Bahreyn hapishaneleri ve cezaevlerinden edinilen bilgilere göre tutuklu Bahreynlilere yapılan işkenceler,  tehdit, hakaret, baş ve göğüs kafesinin dövülmesi, hortumla falakaya yatırmak, uykusuzluk çektirmek ve hukuk dışı davranışlarla gerçekleşiyor,  Öyle ki Bahreyn Keramet devriminde hayatını kaybedenlerin bazıları hapishanede uygulanan işkenceden dolayı şehit olmuşlar.  Nisan 2011'de tutuklulara uygulanan işkence ve sağlık konularında işlenen müsamahakârlıklardan dolayı 4 kişi şehit oldu.  Göstericilerin tutuklanmasından mahkemeye çıkmalarına kadar aylar sürerken onlara iddianameler okunmadan hapishanede tutularak işkence uygulanıyor.
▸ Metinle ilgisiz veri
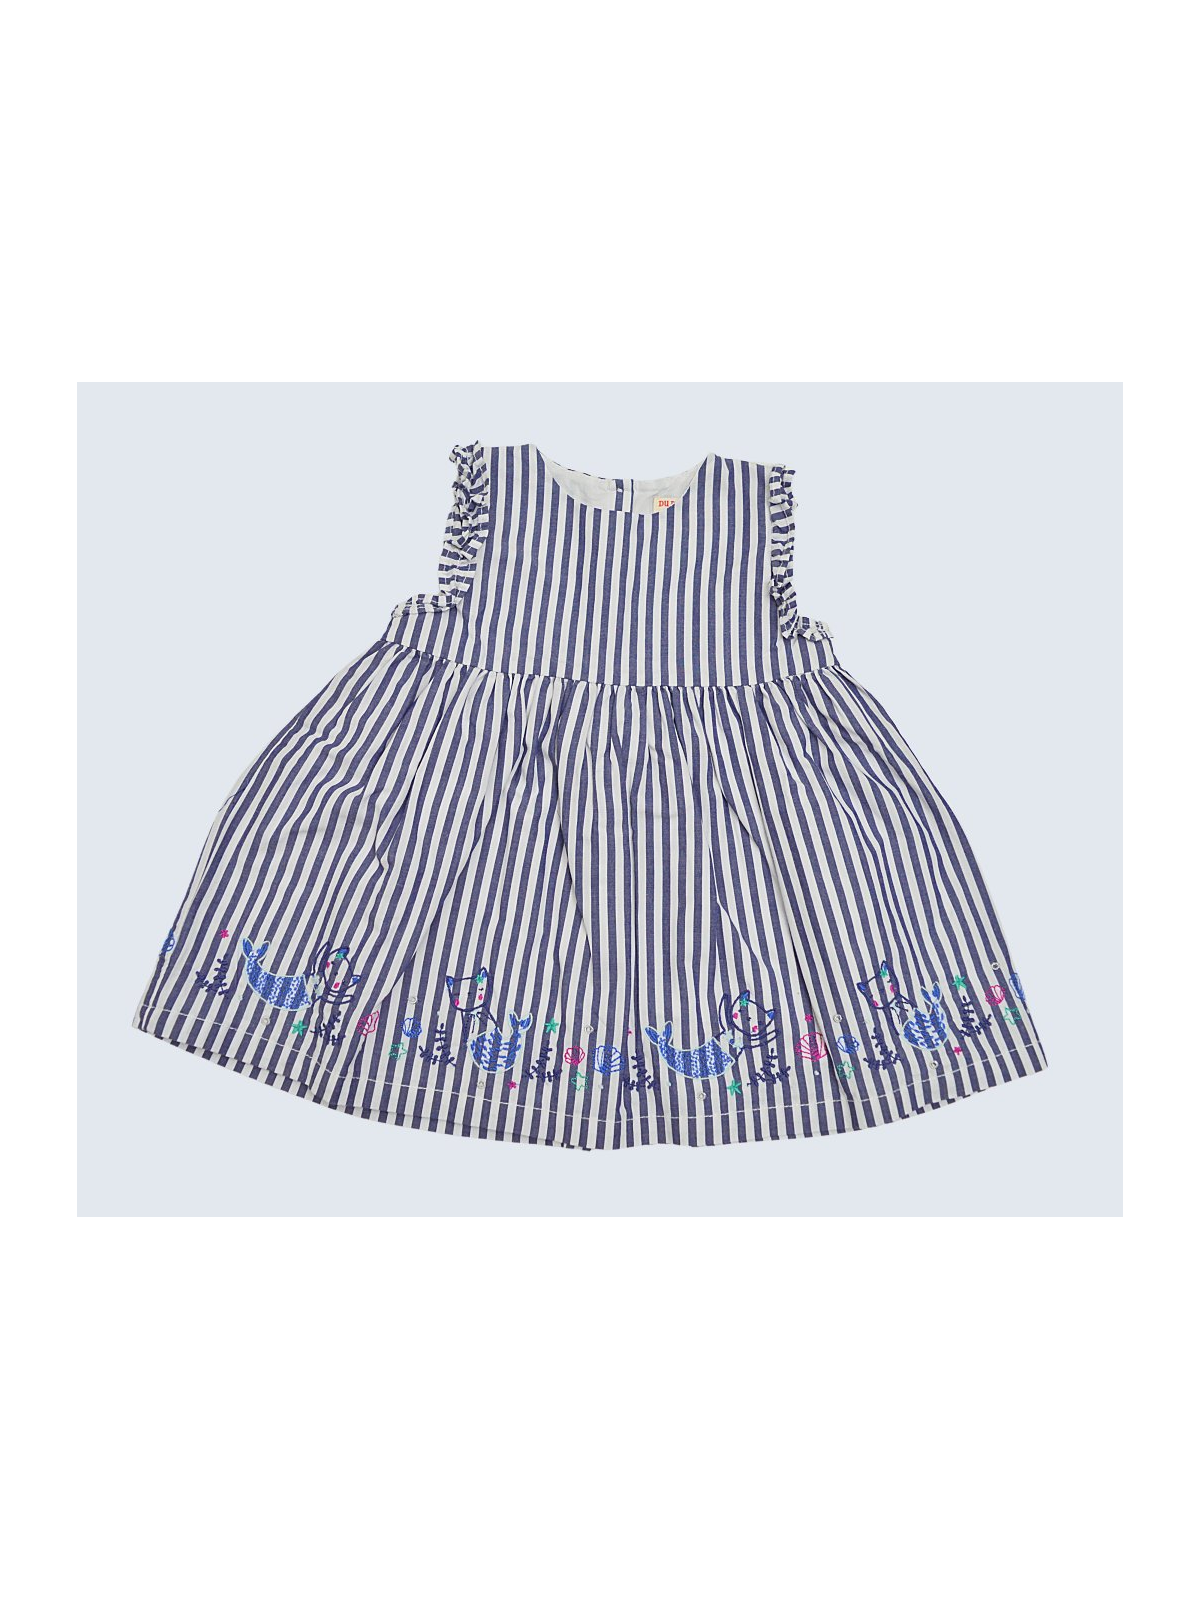 Robe d'occasion DPAM 12 Mois pour fille.
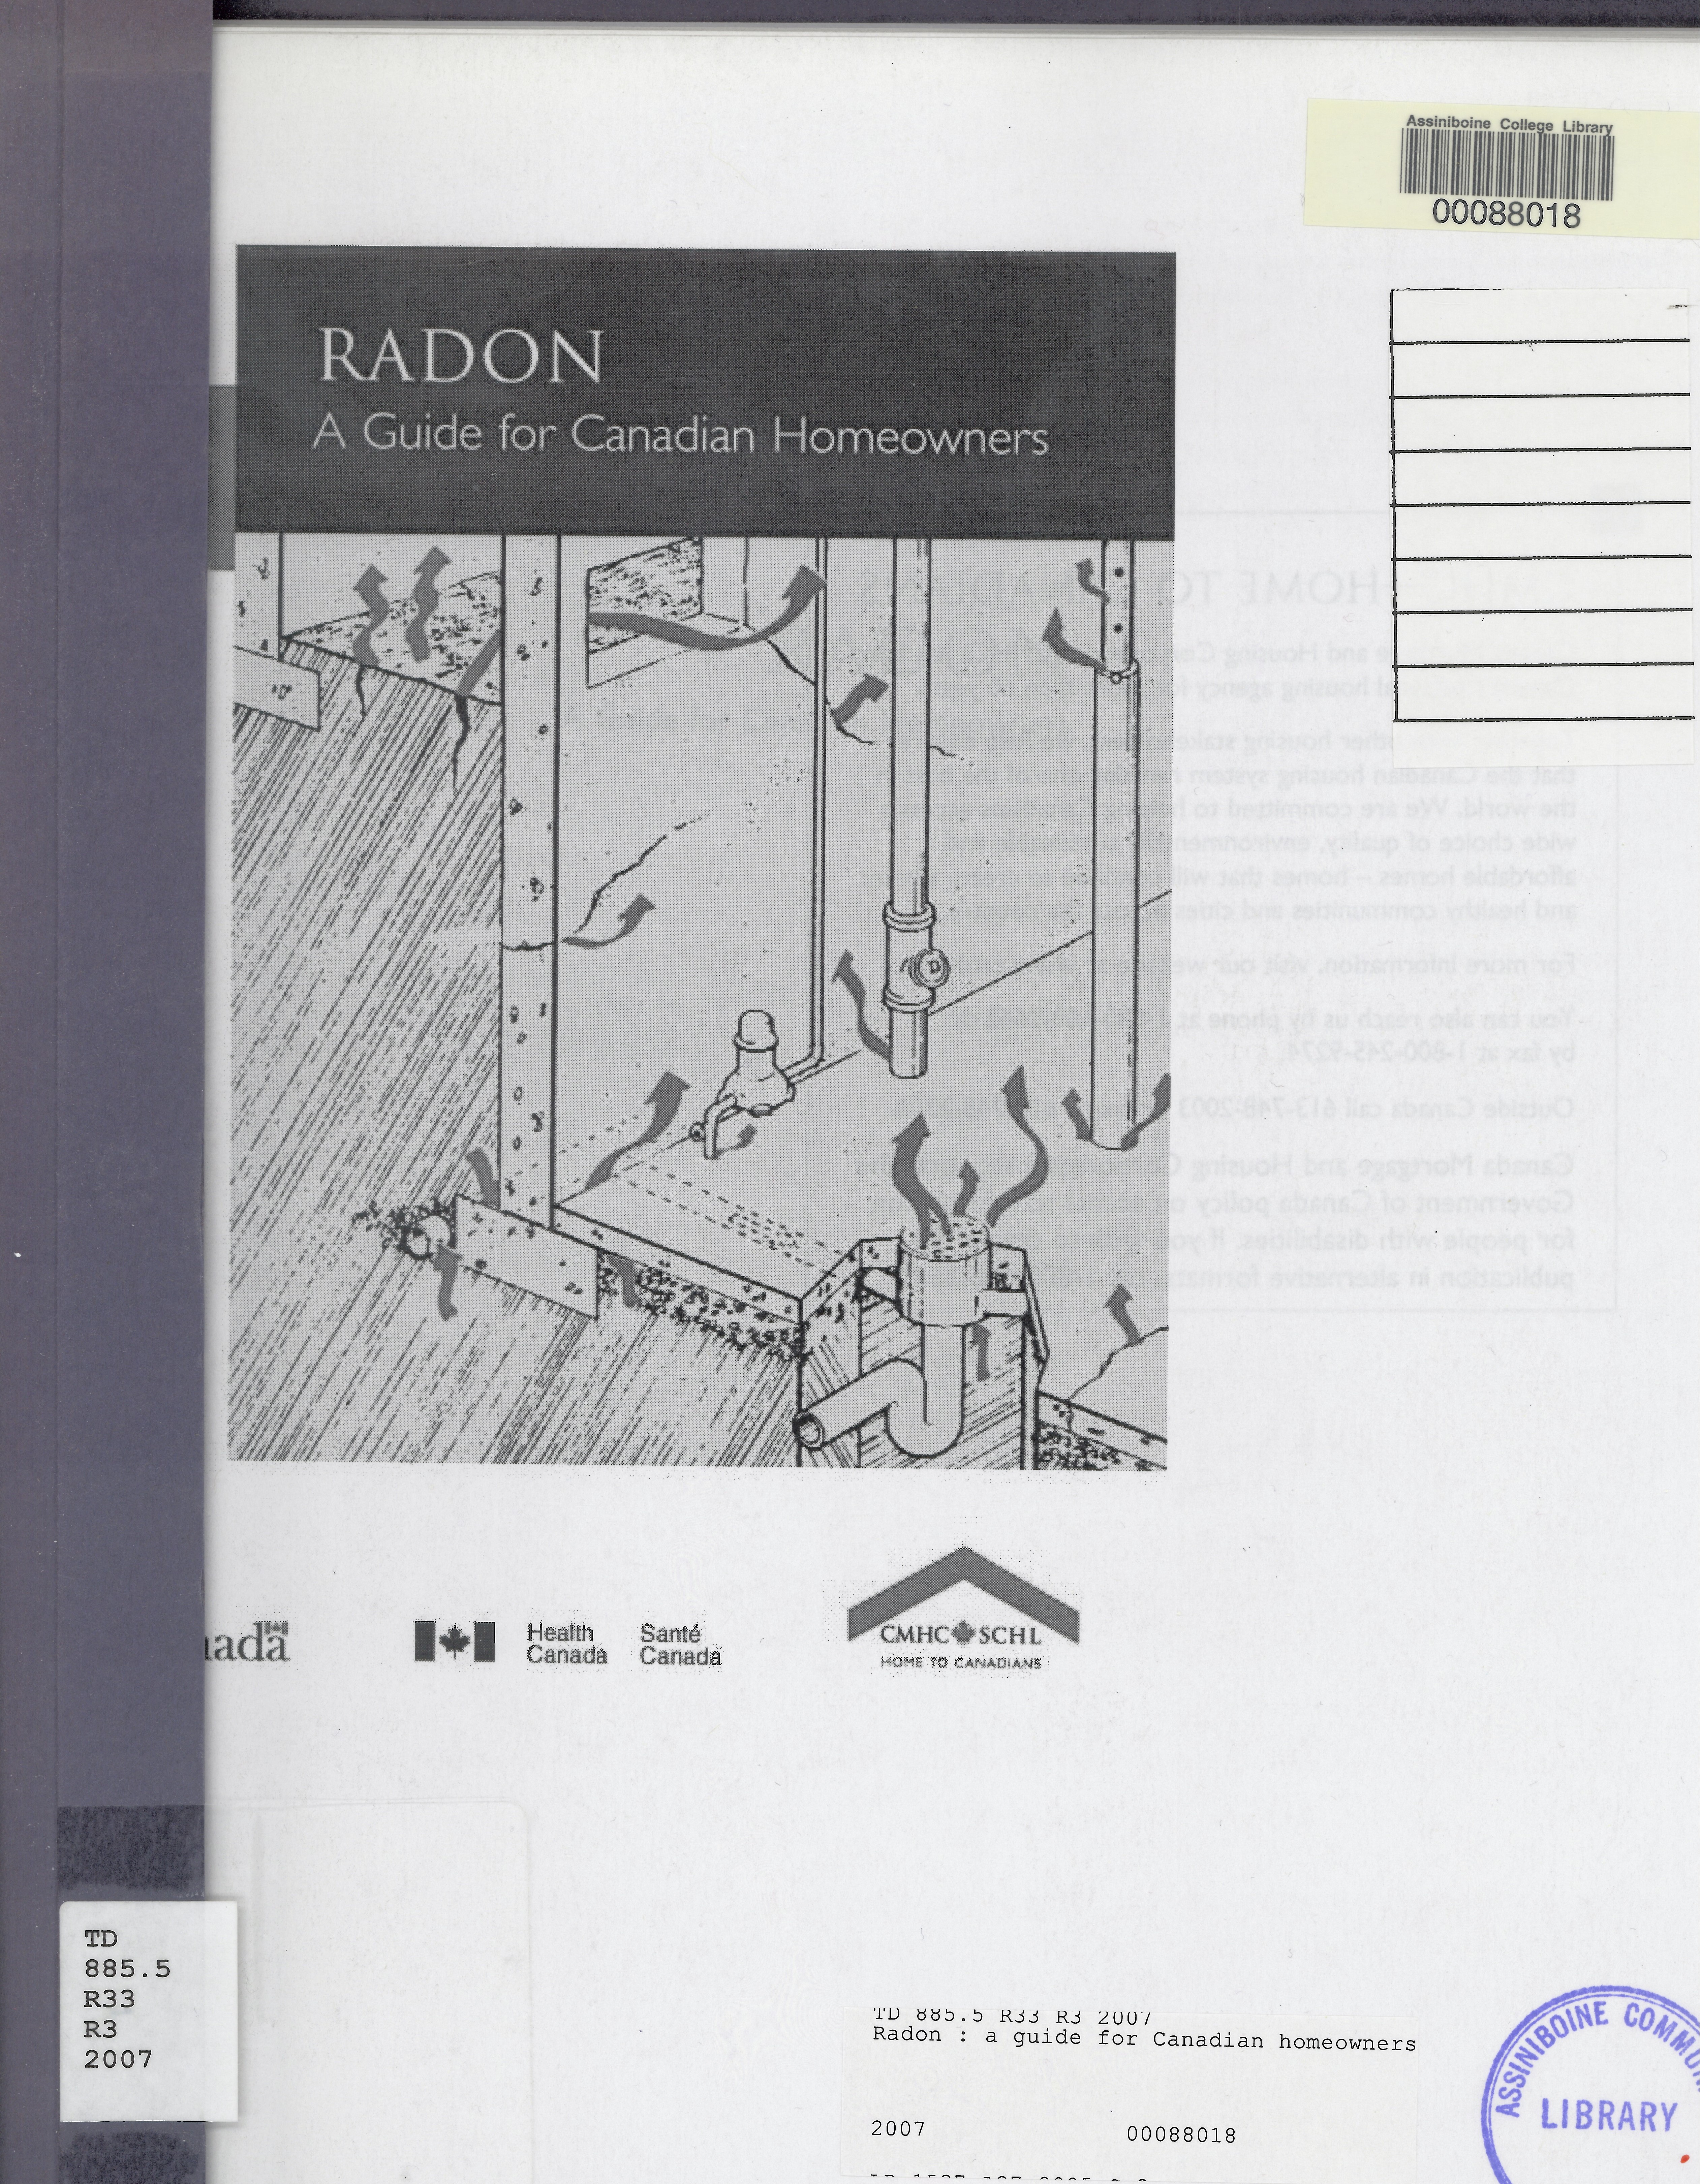 Radon : a guide for Canadian homeowners

Bu arada Abdulhadi el-Hace  gibi bazıları da aylarca hapiste kalmanın ardından çıkarıldıkları mahkemede hala üzerlerinde işkence izlerini taşıyorlardır.

Bahreyn tutuklularından biri olan Abdulkerim el-Hendi, bazı Bahreynli insan hakları aktivistlerinin Kaleme aldığı Zofrat  kitabında kendisinin tutuklanması ve hapse atılması hakkında şöyle diyor:  10 Mart 2015 tarihinden itibaren 3 gün boyunca,  demir üzerinde hiçbir halı, battaniye, yastık olmadan su ve yiyecek verilmeden kalmak zorunda kaldık.  Bir sonraki gün yaklaşık öğleden sonra saat 2’den gece 11’e kadar polis güçleri bizi hücrelerden çıkararak copla dövdüler.  Onlar saçlarımızı kazıdılar ve yaklaşık 15 metre sürünmeye mecbur ettiler. Tabii bu arada dayaklar, hakaretler  ve küfürler de devam etti.  3 ay hapishanede bize temiz elbise vermedi. Onlar bize banyo yapmak ve namazdan önce abdest almamıza izin vermediler ve ne zaman namaz kılmak için izin isteseydik bizi dövdüler.  işkencecilerden biri olan Halid el-Mesterihi  beni ahlak dışı cinsel harekette bulunmaya mecbur etmek istiyordu. uyumayı engellemek ve saatlerce ayakta durmaya mecbur etmek,  üstelik polis güçlerine askeri selam vermeye mecbur bırakmak, hapishanede  sürekli uygulanan  işkencelerdi.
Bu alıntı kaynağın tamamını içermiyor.